THE PROBLEM
Retype the listing below line for line, but only from the line with "LEO LIN Cambridge" down to the line with "Indiana Special Fuel", inclusive. Pictures stay out.

EXTRACTED INFORMATION
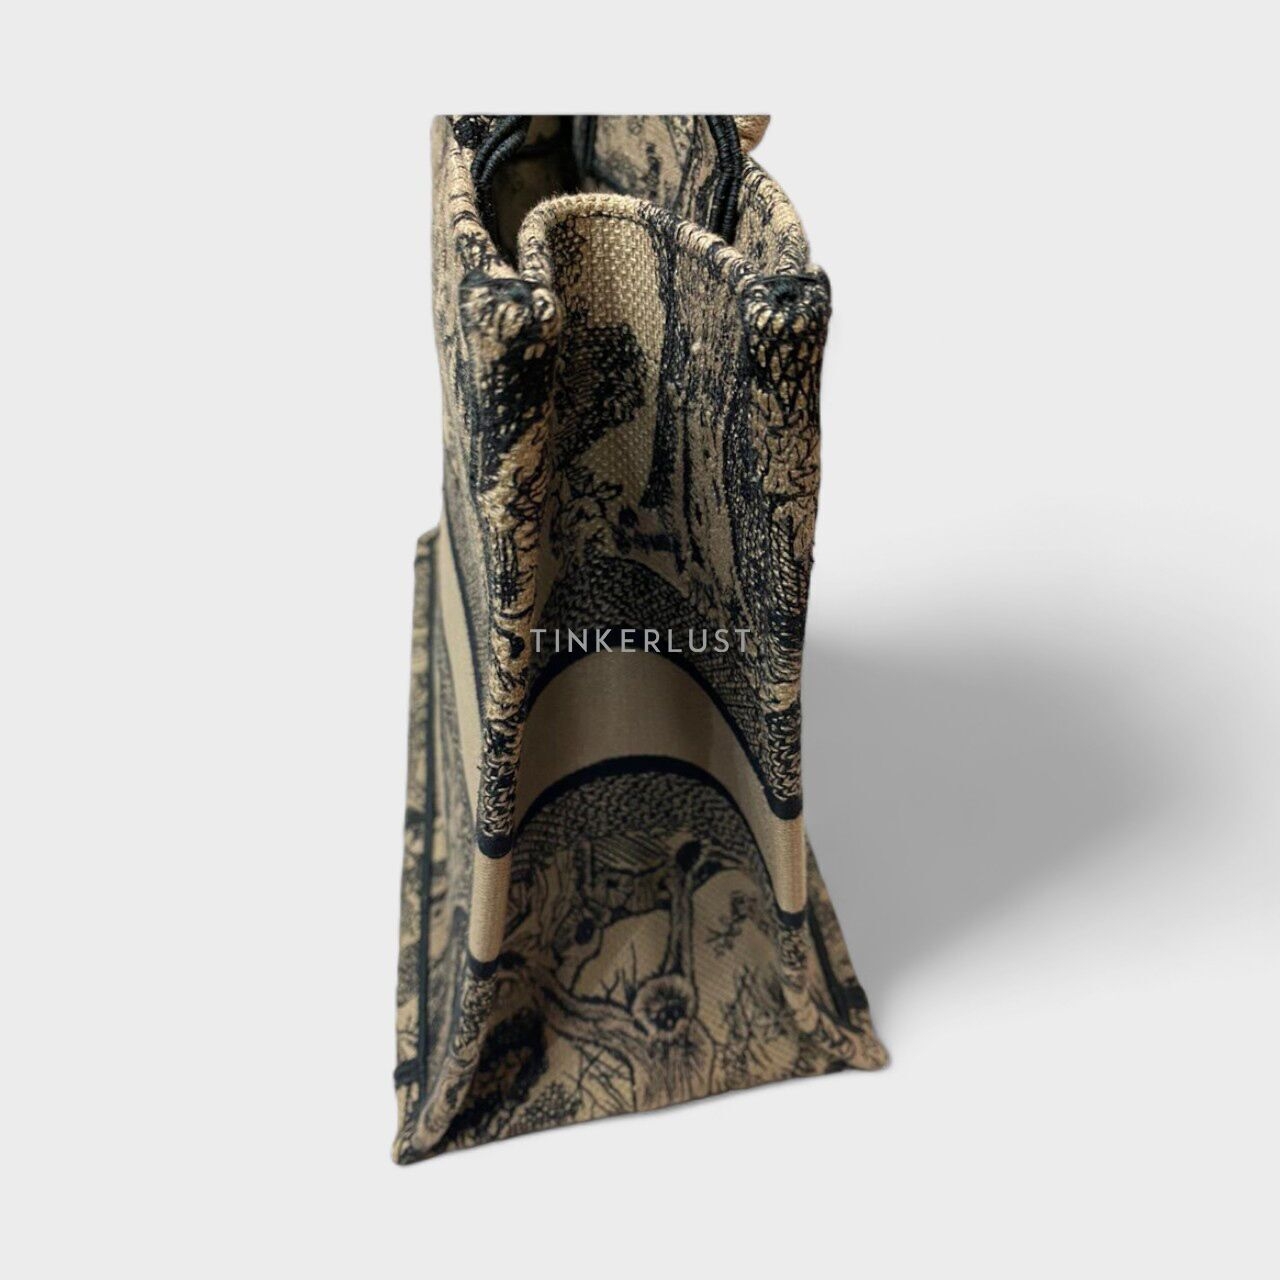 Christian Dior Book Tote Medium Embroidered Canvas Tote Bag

* * *

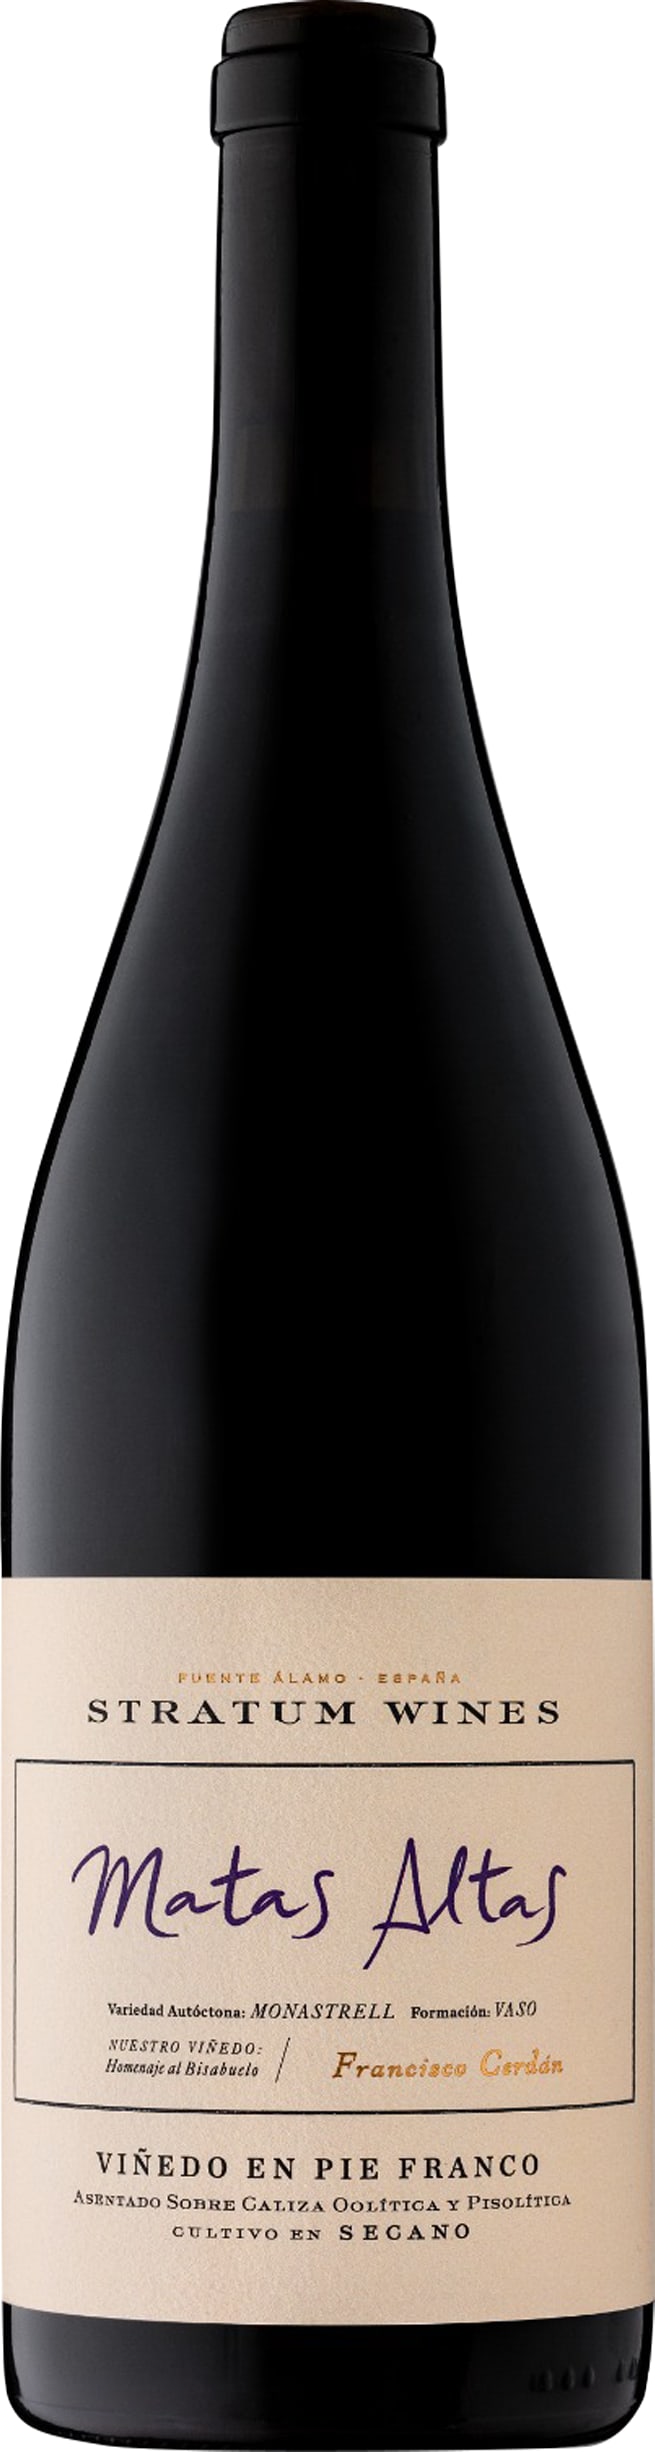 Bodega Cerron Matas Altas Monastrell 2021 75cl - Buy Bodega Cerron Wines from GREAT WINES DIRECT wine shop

--

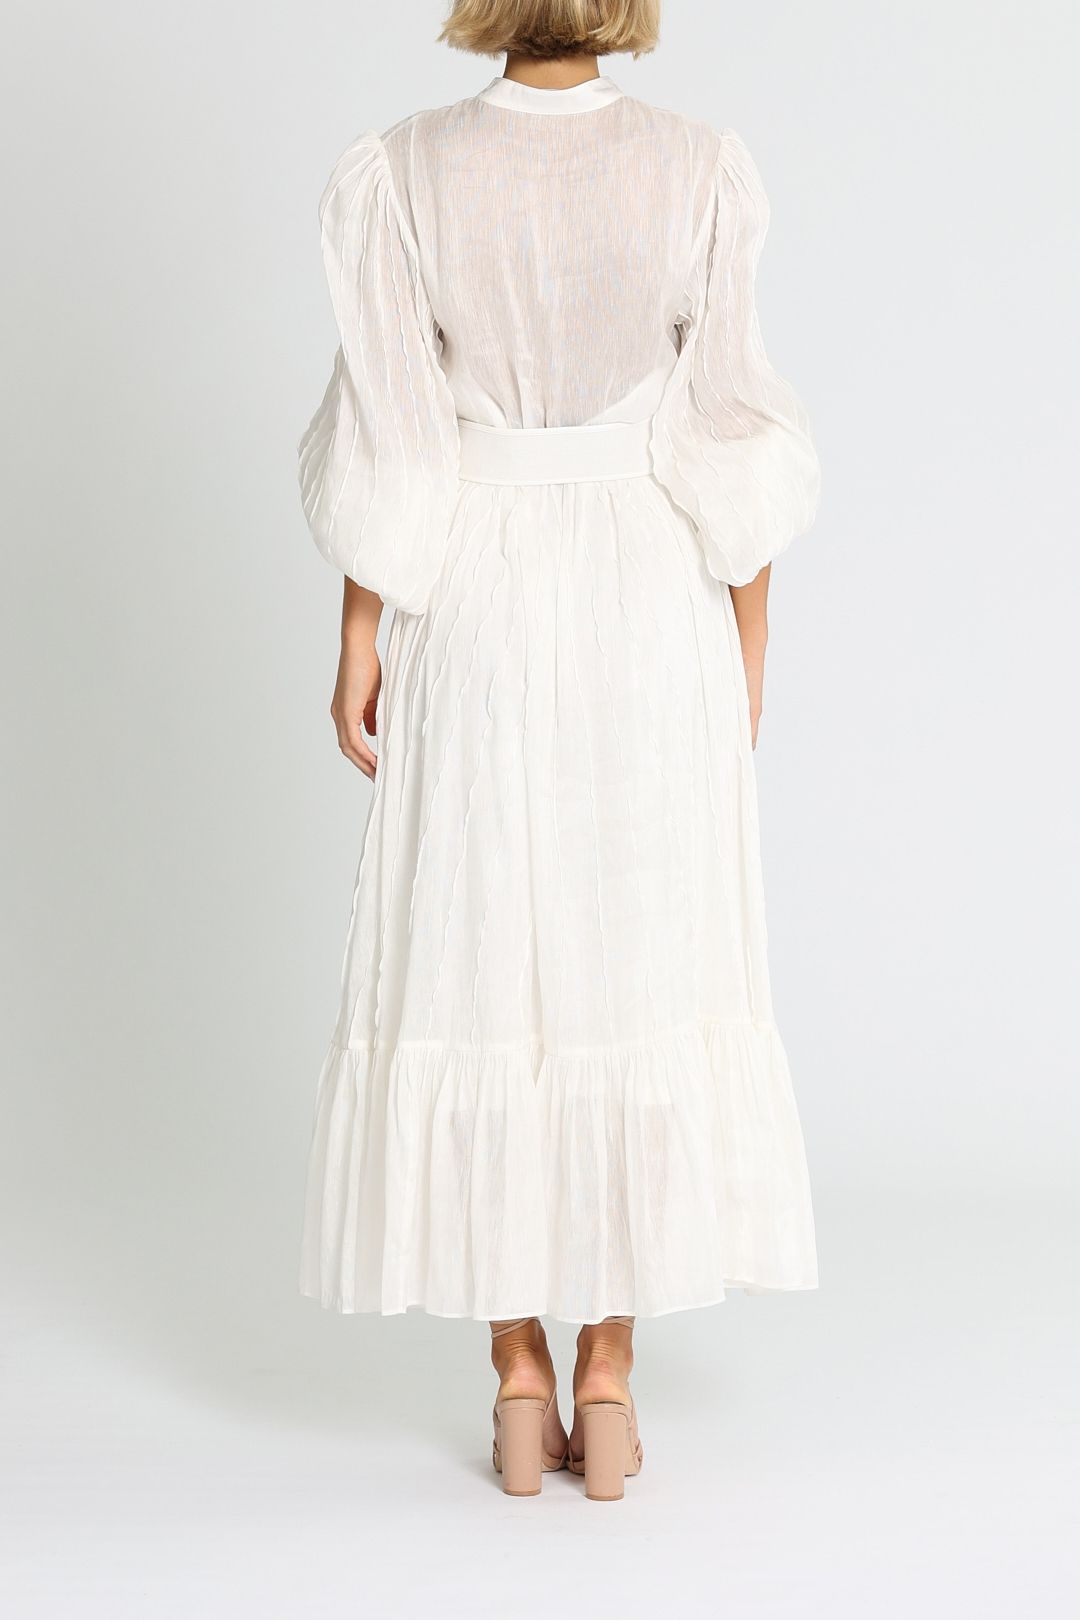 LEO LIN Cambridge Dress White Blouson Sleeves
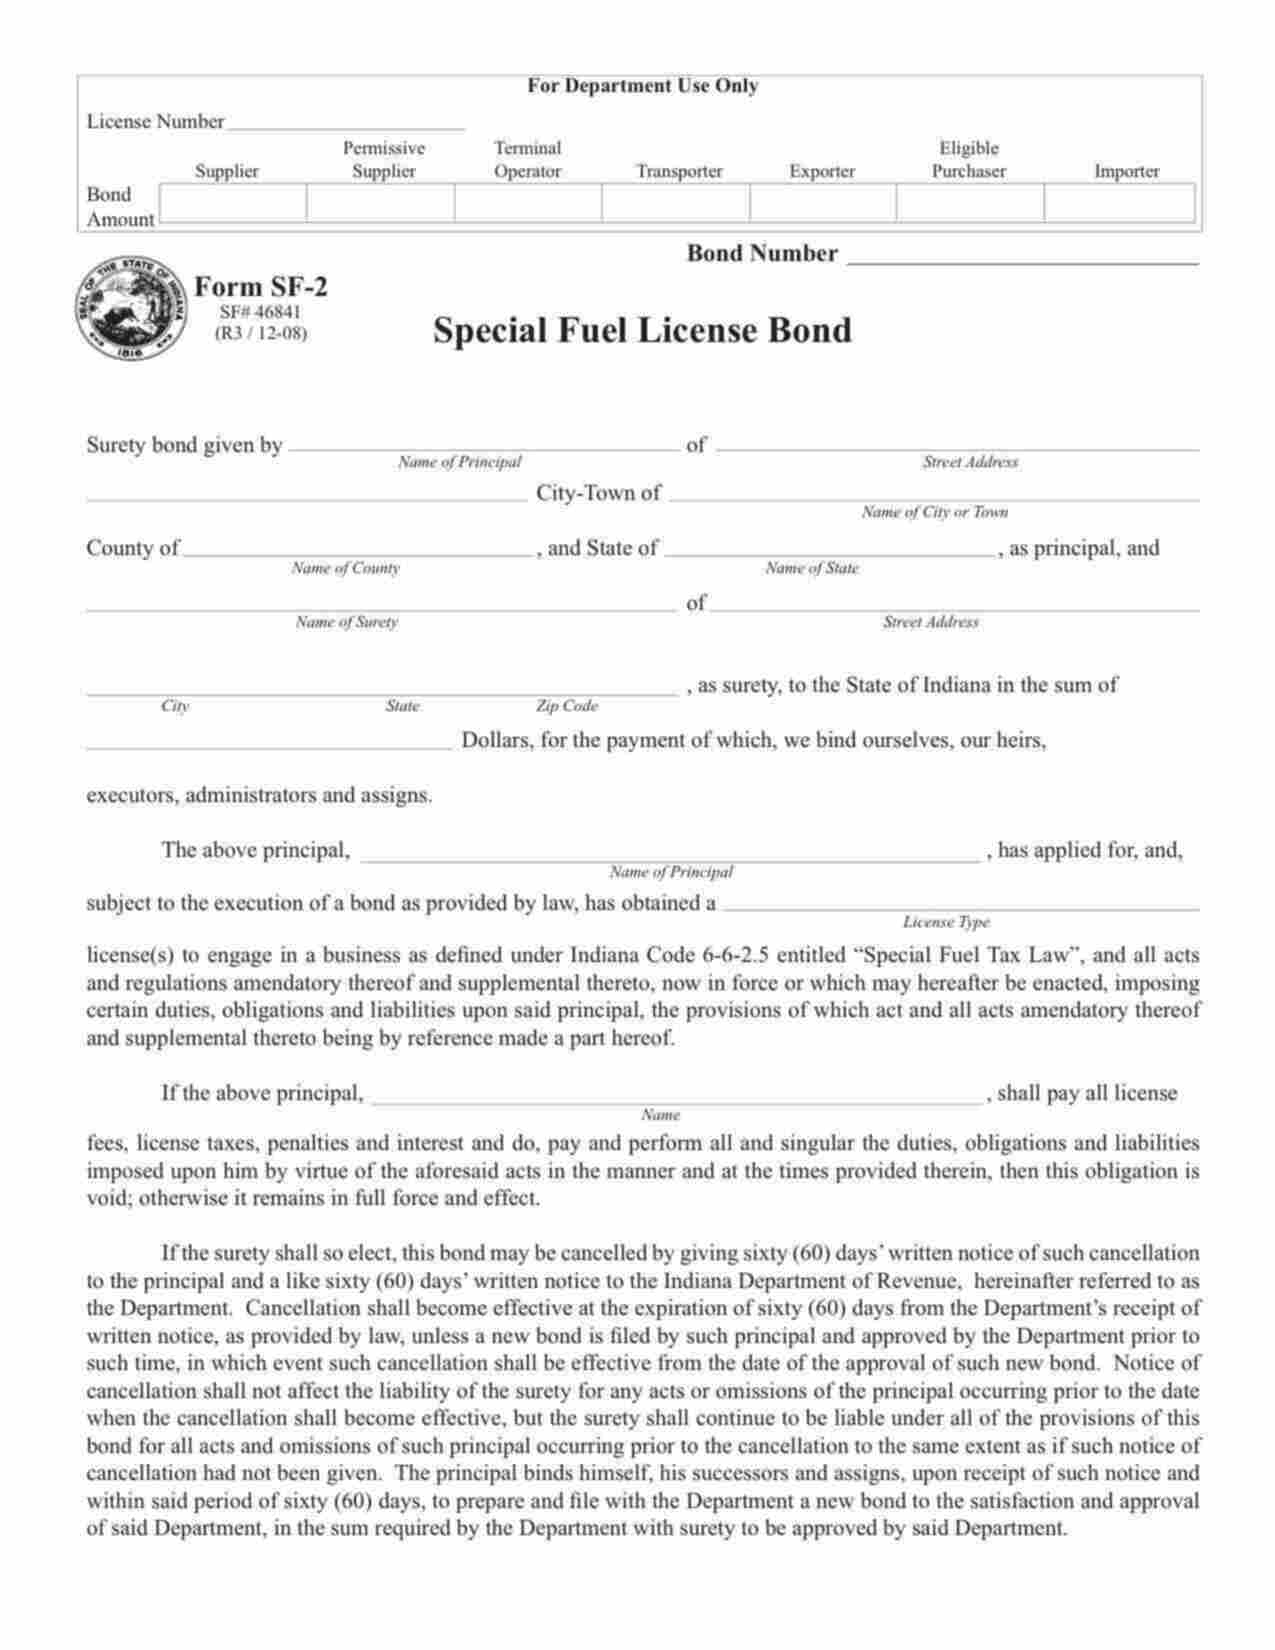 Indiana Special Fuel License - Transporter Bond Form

OUTPUT FOR THIS EXERCISE
 LEO LIN Cambridge Dress White Blouson Sleeves
 Indiana Special Fuel License - Transporter Bond Form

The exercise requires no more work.